Abstract
DNA N4-methylcytosine(4mC) plays an important role in numerous biological functions and is a mechanism of particular epigenetic importance. Therefore, accurate identification of the 4mC sites in DNA sequences is necessary to understand the functional mechanism. Although some effective calculation tools have been proposed to identifying DNA 4mC sites, it is still challenging to improve identification accuracy and generalization ability. Therefore, there is a great need to build a computational tool to accurately identify the position of DNA 4mC sites. Hence, this study proposed a novel predictor XGB4mcPred, a predictor for the identification of 4mC sites trained using an extreme gradient boosting algorithm (XGBoost) and DNA sequence information. Firstly, we used the One-Hot encoding on adjacent and spaced nucleotides, dinucleotides, and trinucleotides of the original 4mC site sequences as feature vectors. Then, the importance values of the feature vectors pre-trained by the XGBoost algorithm were used as a threshold to filter redundant features, resulting in a significant improvement in the identification accuracy of the constructed XGB4mcPred predictor to identify 4mC sites. The analysis shows that there is a clear preference for nucleotide sequences between 4mC sites and non-4mC site sequences in six datasets from multiple species, and the optimized features can better distinguish 4mC sites from non-4mC sites. The experimental results of cross-validation and independent tests from six different species show that our proposed predictor XGB4mcPred significantly outperformed other state-of-the-art predictors and was improved to varying degrees compared with other state-of-the-art predictors.

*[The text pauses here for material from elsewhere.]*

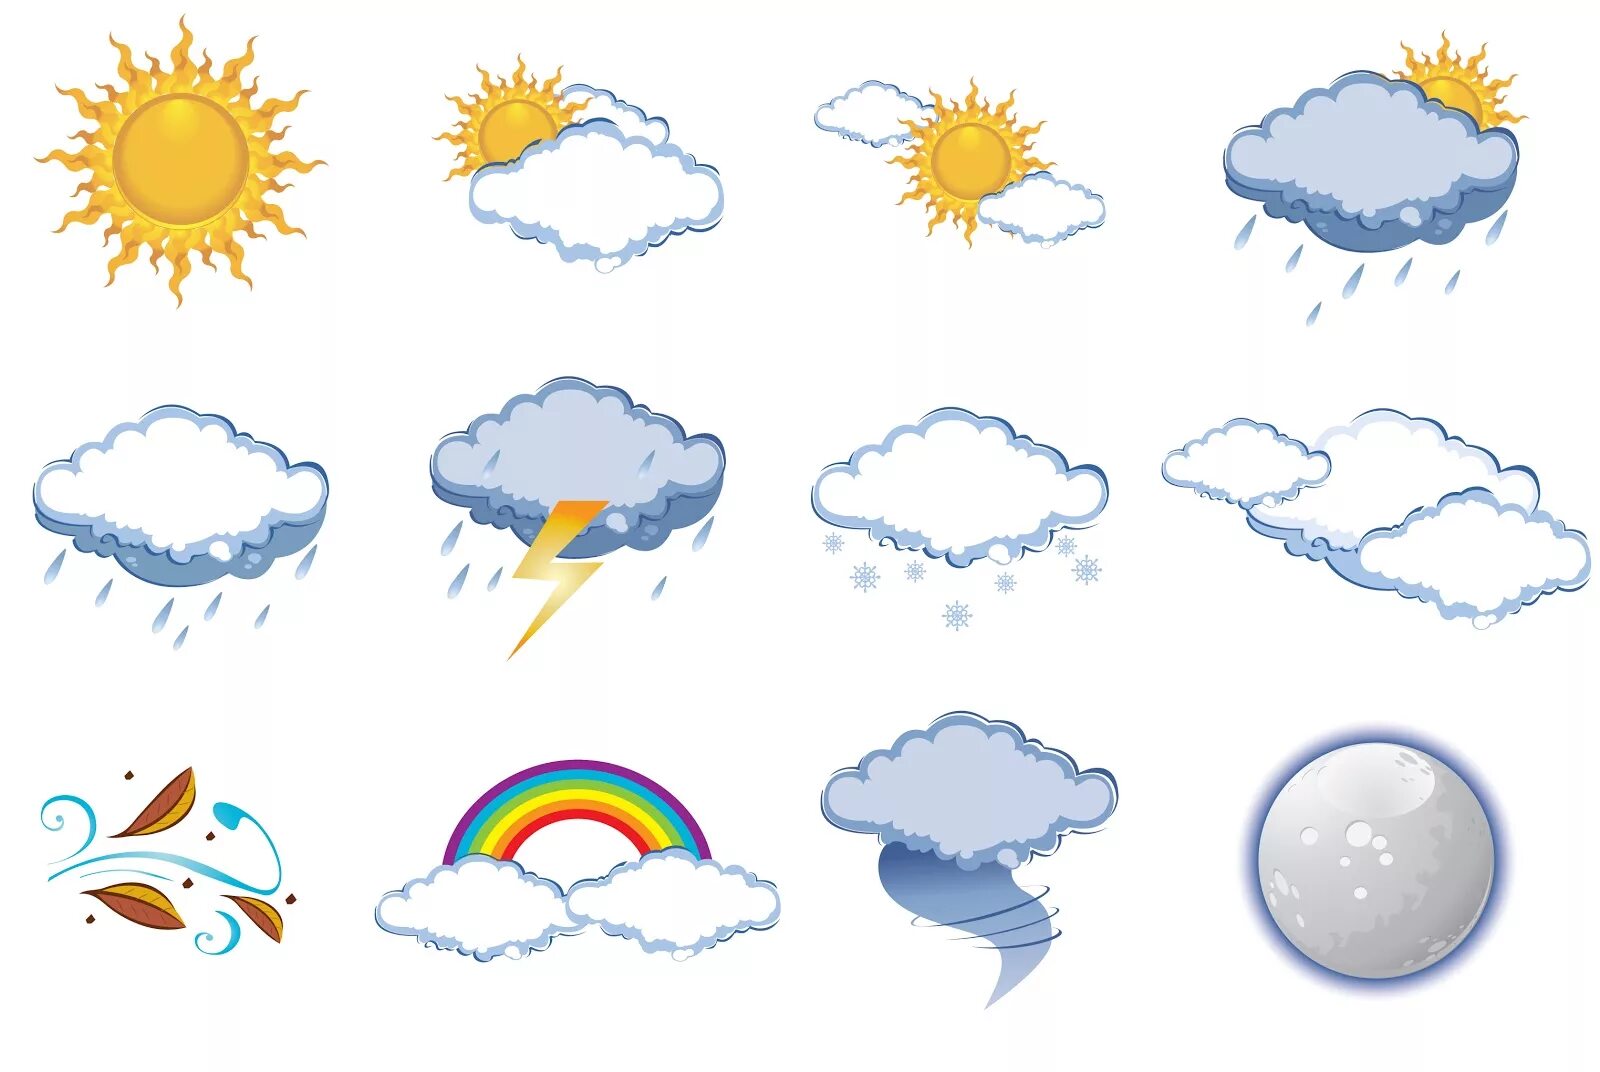 Погодные явления картинки для детей. Погода на английском языке. Gjujlf ZF fzukbqcrjv. Погода картинки на английском для детей. Стабильной погоды

Additionally, the user-friendly webserver we used to developed the XGB4mcPred predictor was made freely accessible.
Highlights
DNA methylation is the process of adding methyl groups to specific regions of DNA and leads to genetic changes in gene expression [1], and this process can regulate gene expression and shutdown without altering the nucleotide sequence
This study proposed a novel predictor named XGB4mcPred based on a One-Hot encoding genomic sequence information
One-Hot encoding for multiple types of sequences as proposed in this study, followed positive, false positive, true negative, and false negative, it is often seen as a measure of balance
Summary
DNA methylation is the process of adding methyl groups to specific regions of DNA and leads to genetic changes in gene expression [1], and this process can regulate gene expression and shutdown without altering the nucleotide sequence. The activity of genes can be regulated by controlling the process of DNA methylation, turning off certain gene activity or inducing the reactivation and expression of certain genes [2,3,4,5]. It is closely relevant for the study of cancer, aging, or for the study of regulating virulence and antibiotic resistance in prokaryotes [6,7,8]. The DNA 5mC sites, 6mA sites, and 4mC sites are the most common methylation processes, which are widely found in eukaryotes and prokaryotes [9,10,11,12]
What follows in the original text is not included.